Bugünkü yazımın mevzuu!..
¥
“Para kaptırmama” hassasiyetiyle sanal ortamdan baktım.
“Kayınpeder” ile “Enişte” üzerinden AK Parti Vekili ve Başbakan Erdoğan’ın en yakın danışmanı Yalçın Akdoğan ile Genç Bakan Suat Kılıç’a yüklenmece!..
Altını üstünü karıştırdım, haber(!)lerde “yolsuzluk”tan hem de kaç milyon dolarlık yolsuzluktan bahsediliyor ama Yalçın Akdoğan ile Suat Kılıç’ı ilgilendiren bir “belge- kayıt” filan yok.
Belge - kayıt yok ama suçlanan onlar!..
Birinin “enişte”si diğerinin ise “kayınpeder”i Sağlık Bakanlığı’nın iştigal alanında olmadık işler çevirmiş ve bir dolu müteahhidi “evsafsız” protokolle dolandırmış iddiaya göre.
¥
Belgeler elimde; Yalçın Akdoğan ve Suat Kılıç’ın şahıslarında AK Parti’yi yamultmak istedikleri aşikâr.
Akdoğan ve Kılıç’ın araya girdiklerine dair en ufak bir bilgi, kayıt hatta ipucu yok.
E, o zaman iki AK Partili’nin suçu ne?..
Ya arkadaş, her bir vatandaş eniştesi ve kayınpederinin yaptığından sorumlu mudur?..
Diyeceksiniz ki, “Böyle bir makamdaysa çok daha dikkatli ve tedbirli olmak zorundadır.”
Gel gör ki, Sayın Suat Kılıç için böyle bir tedbir sözkonusu olamaz zira kayınpederi Sayın Ali Yüksel’in “yolsuzluk iddiasına” konu edilen projeyle alâkası küçük bir “isim” meselesinden ibaret.
Sağlık Bakanlığı istifadesine sunulması planlanan 4 bin adet 112 Acil Servis İstasyonu’nun birine de onun ismini vermişler.

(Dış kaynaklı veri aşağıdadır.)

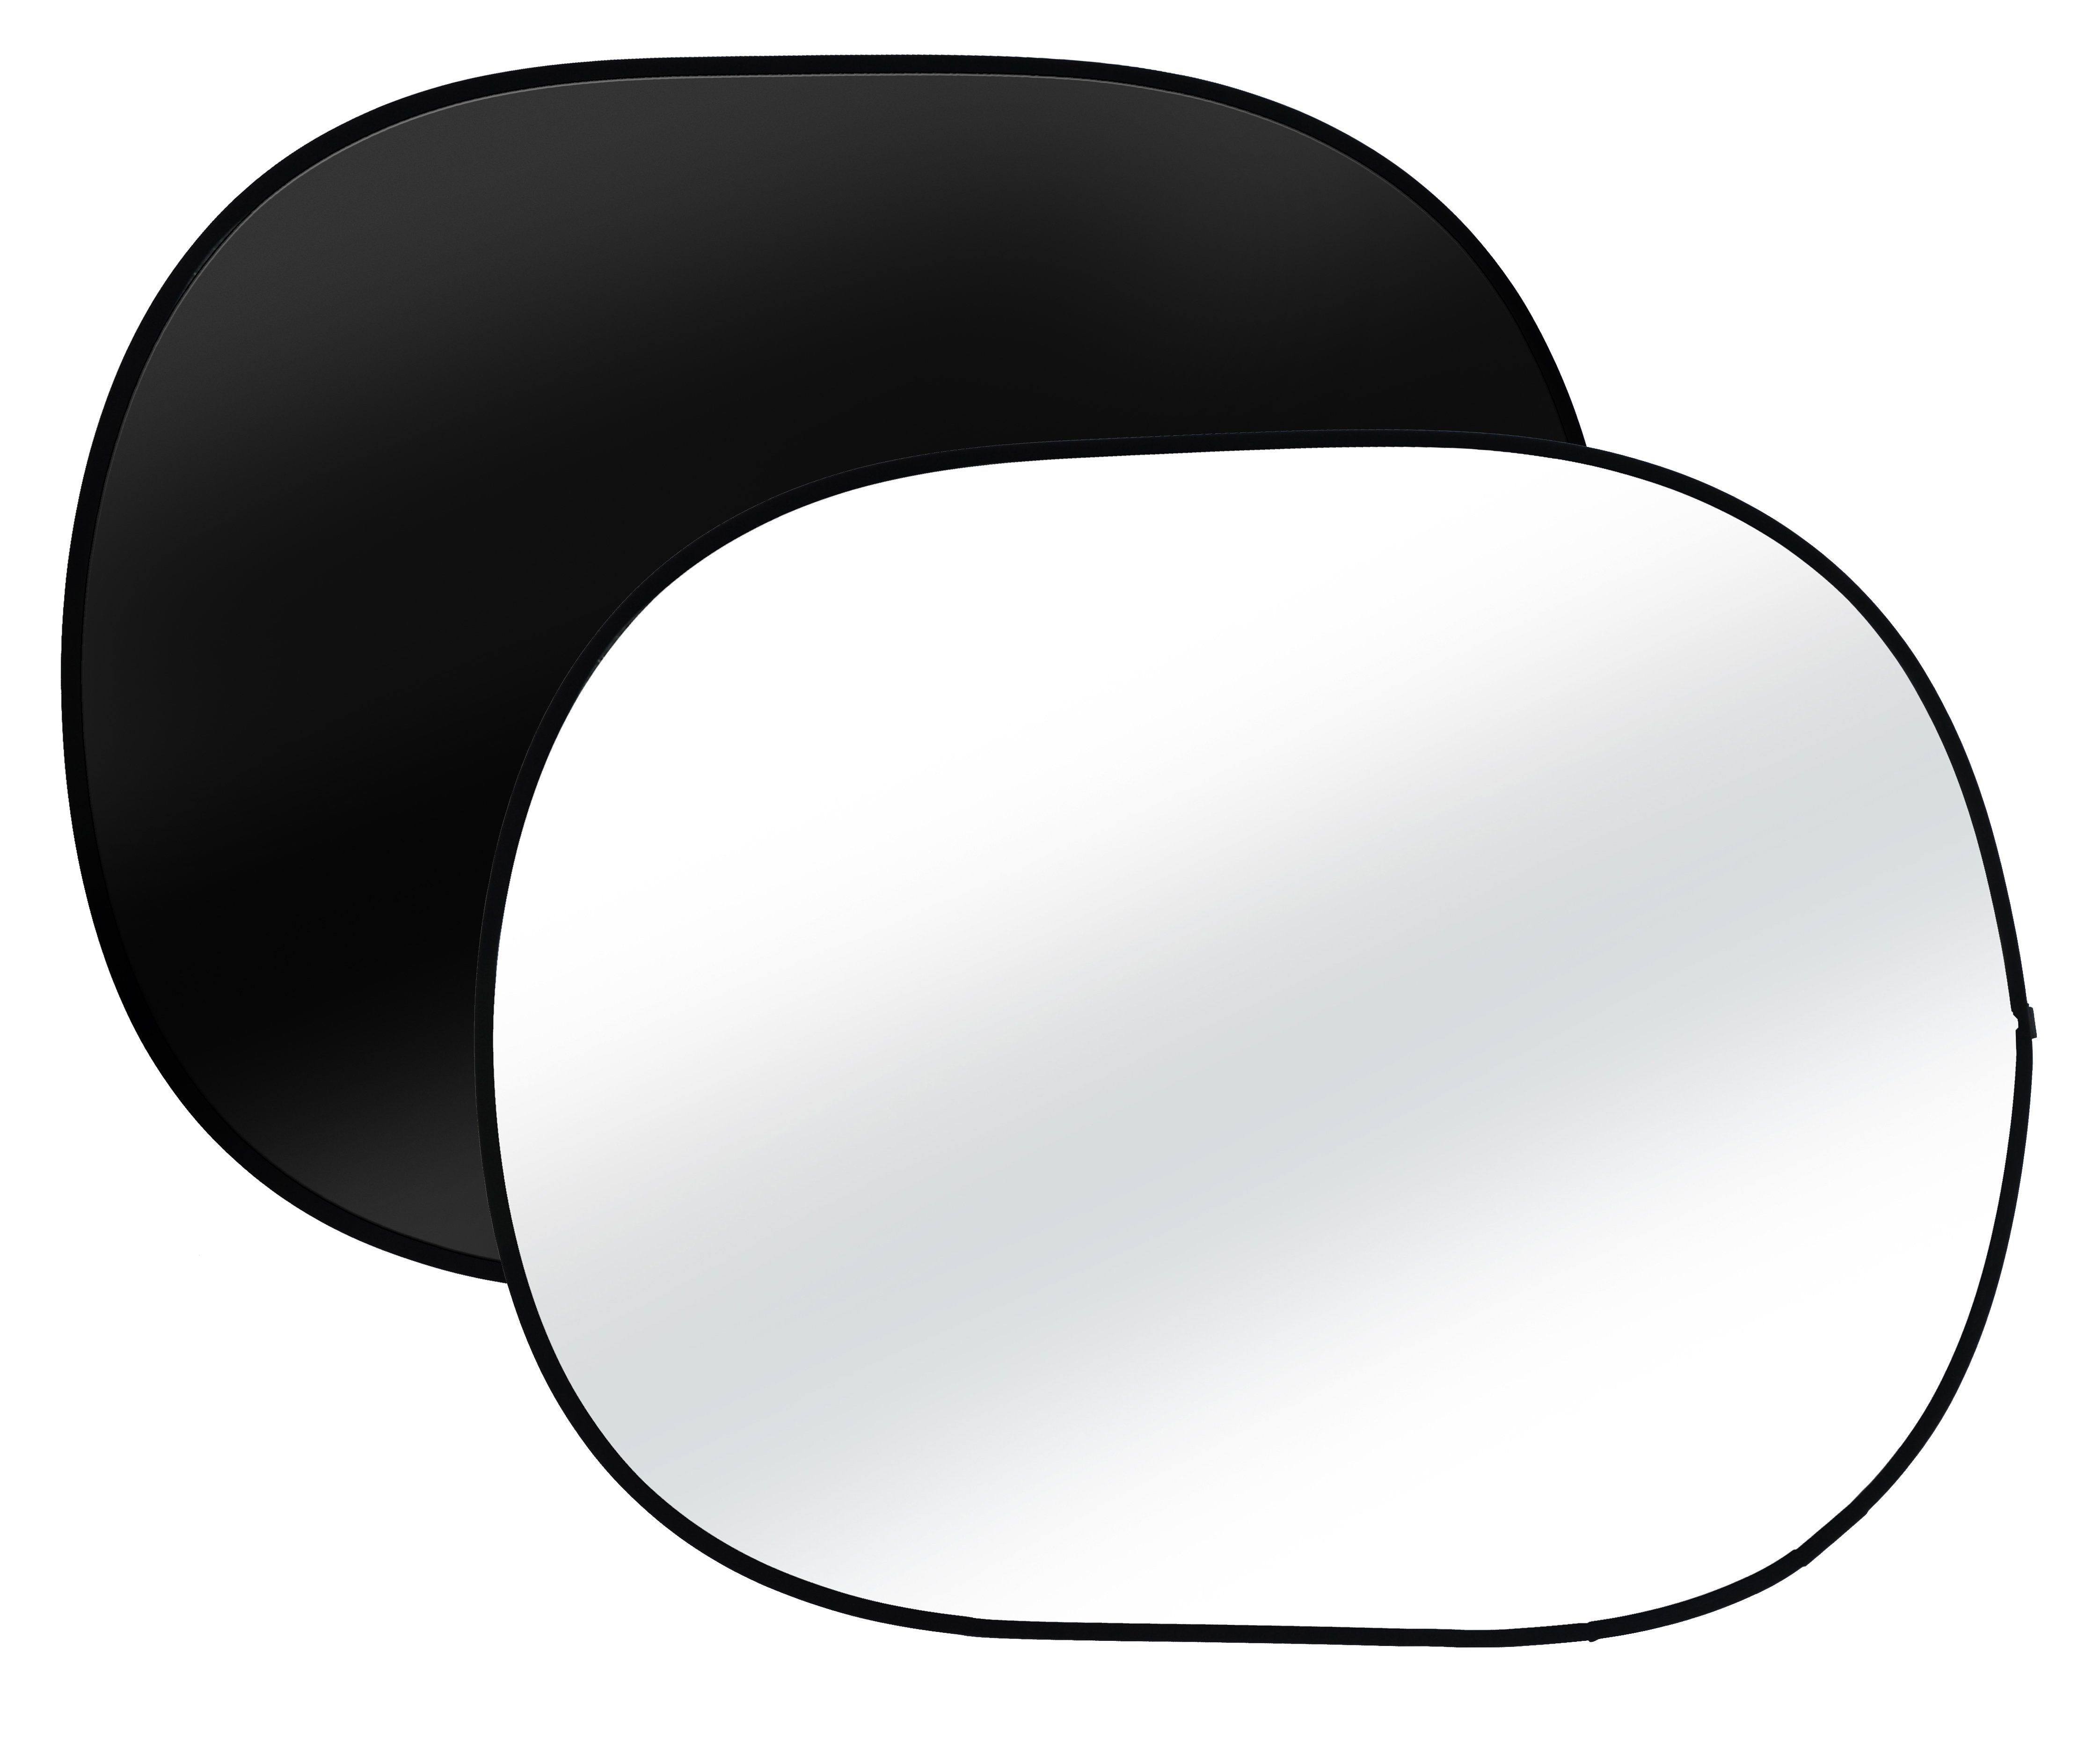 BRESSER 150x200cm Faltbarer Hintergrund BR-3 2-seitig Falthintergrund schwarz/weiß
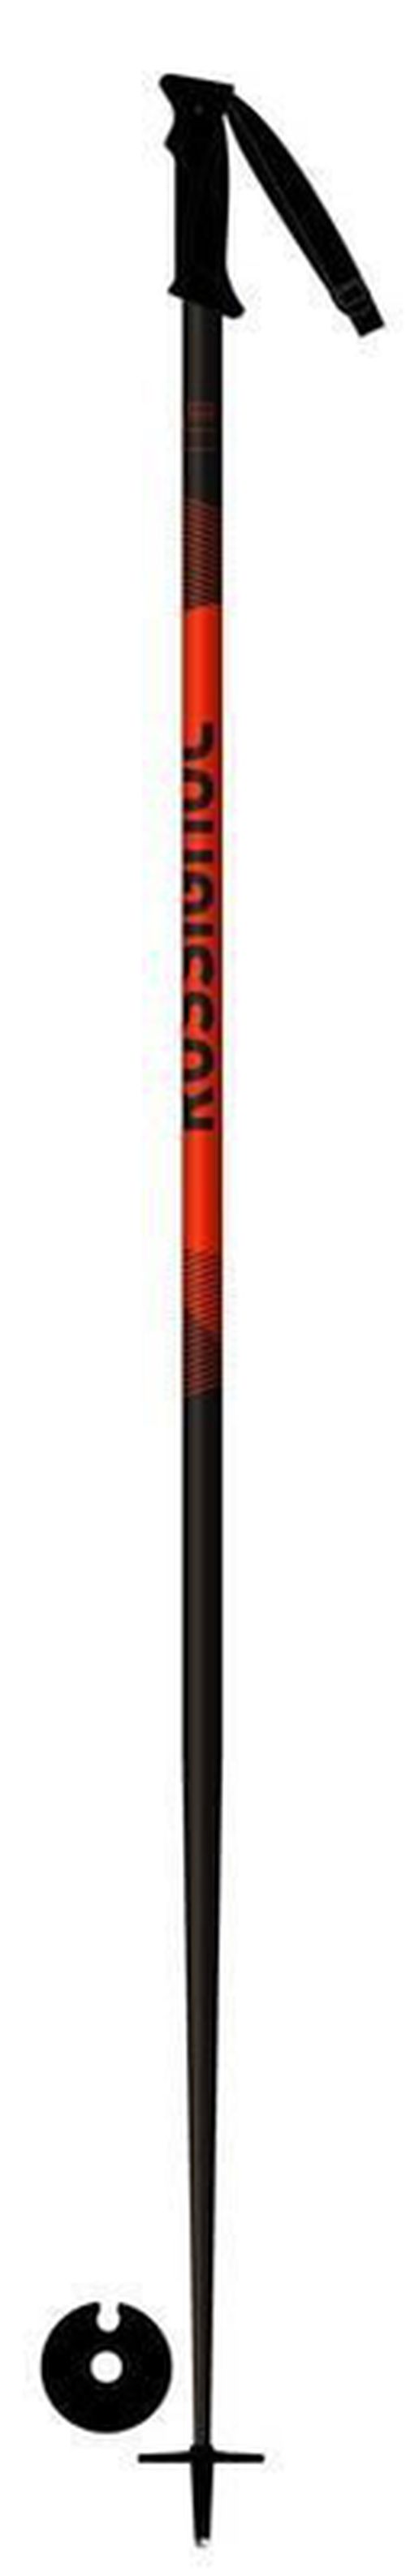 купить Лыжные палки Rossignol TACTIC BLACK/RED 130 в Кишинёве

O da isminin verildiği sağlık istasyonunun kurdelesini kesmiş.
Ali Yüksel’i iddialara bulaştıran mevzu işte bu!
¥
Oktay Ferşat adlı bir müteahhit var.
Sayın Akdoğan’ın eniştesi olan bu vatandaş, bir “protokol”den bahisle 112 Acil İstasyonları için müteahhitlerle sponsorlarla ilişki kuruyor.
Bu 112 Acil İstasyonu denilen düşünce olarak güzel; ambulans o trafikte hastaneden imdada yetişmeye çalışacağına en yakın noktadan hareket edecek… Acil müdahale gereken durumlarda hayatların kurtuluşuna vesile olabilecek bir hamle.
Proje sahibi Oktay Ferşat, Sağlık Bakanlığı ve yerel yönetimlerin tahsis edeceği 250’şer metrekareden oluşan 4 bin noktaya bu birimlerden kondurmayı ve bu iş için gereken parayı da sponsorlardan çıkarmayı planlıyor.
Sponsorlar ona, o da işi yapacak müteahhitlere verecek derken; ne oluyorsa oluyor, bazı bürokratlarla arasında sıkıntı meydana geliyor.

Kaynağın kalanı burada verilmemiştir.